Ya hari pagi ini dia akan pulang. Seperti tak ada yang bisa menahannya untuk pergi. Tanpa sepengetahuan boss di kantor, ia telah memesan tiket 3 hari sebelumnya. Dan itu berarti dia akan pulang tanpa mengantongi izin boss.

Tadi nada suaranya begitu riang di telepon. Membayangkan pulang, mengudara dan mendarat di bandara Sultan Hasanuddin yang baru. Di dadanya membuncah kangen untuk ayah, ibu, kakak, dan family yang lain. Juga buat teman-teman yang beberapa lama hanya dapat ditemui lewat layar computer, atau bicara lewat handphone.

Hari ini Kamis 9 April 2009. Sejak kemarin siang ia telah bertemu dengan orang-orang yang dicintainya.
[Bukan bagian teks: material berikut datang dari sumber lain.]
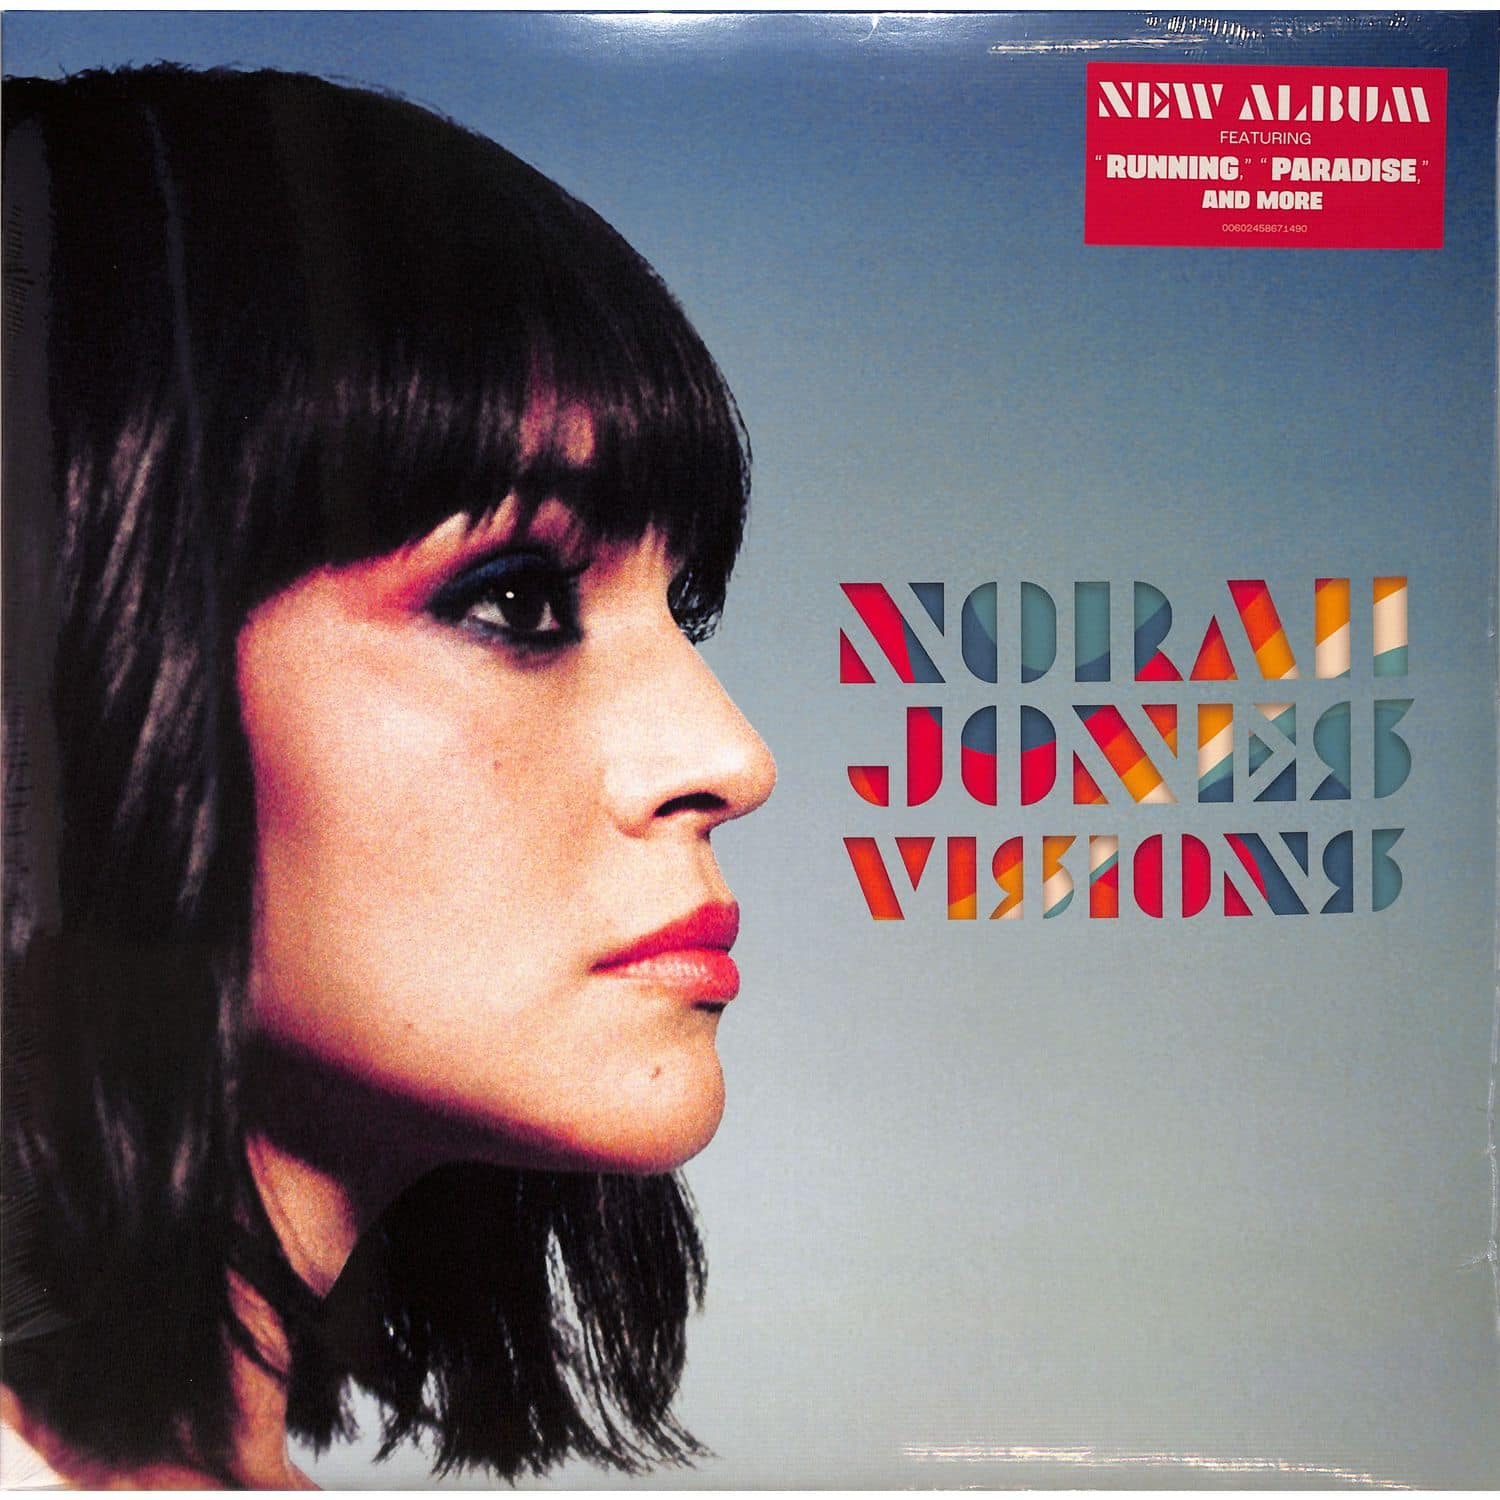 Norah Jones - VISIONS 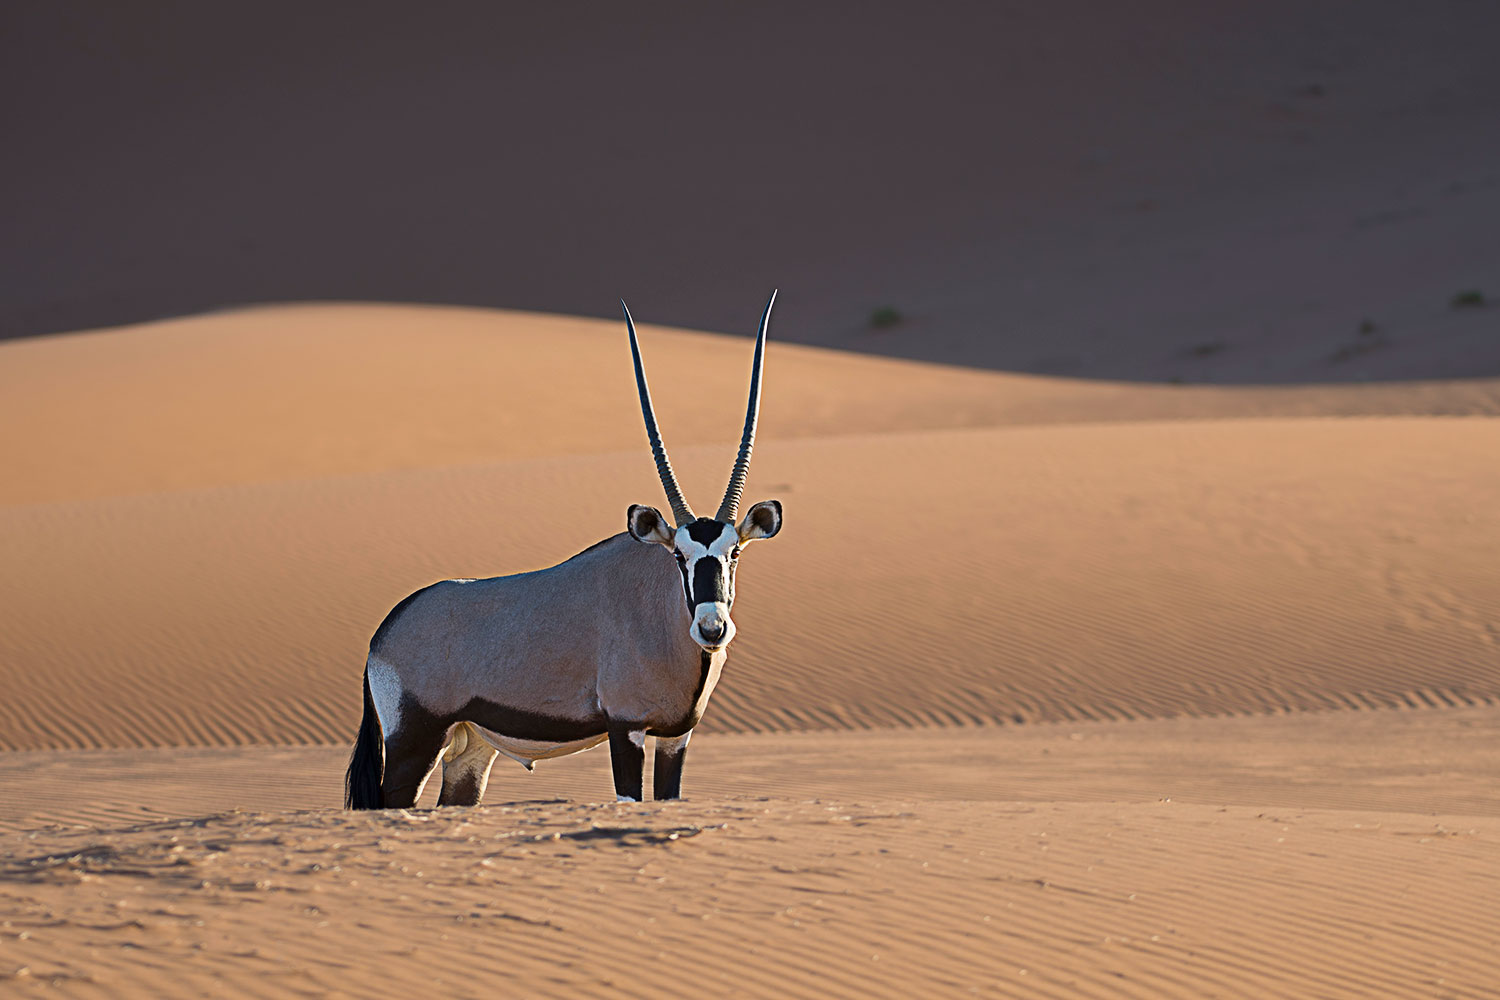 Orice nel deserto del Namib...

Lewat handphone ia mengatakan telah membuat beberapa rencana untuk menghabiskan hari hingga akhir pekan nanti. Kemana ia akan pergi, dengan siapa dan bertemu siapa. Alangkah riangnya ia diseberang sana.

Seakan tak peduli dengan limit kartu handphone-ku yang hampir usai, ia terus bicara. Meluapkan gembira, melupakan sejenak pekerjaan yang ditinggalkan, tak peduli boss tahu dia pulang atau tidak. Juga tentu tak terlalu risau dengan permintaan traktiran teman-teman yang ditemuinya. Dalam hati yang lirih terucap, selamat bersenang-senang kawan! Mumpung masih ada waktu…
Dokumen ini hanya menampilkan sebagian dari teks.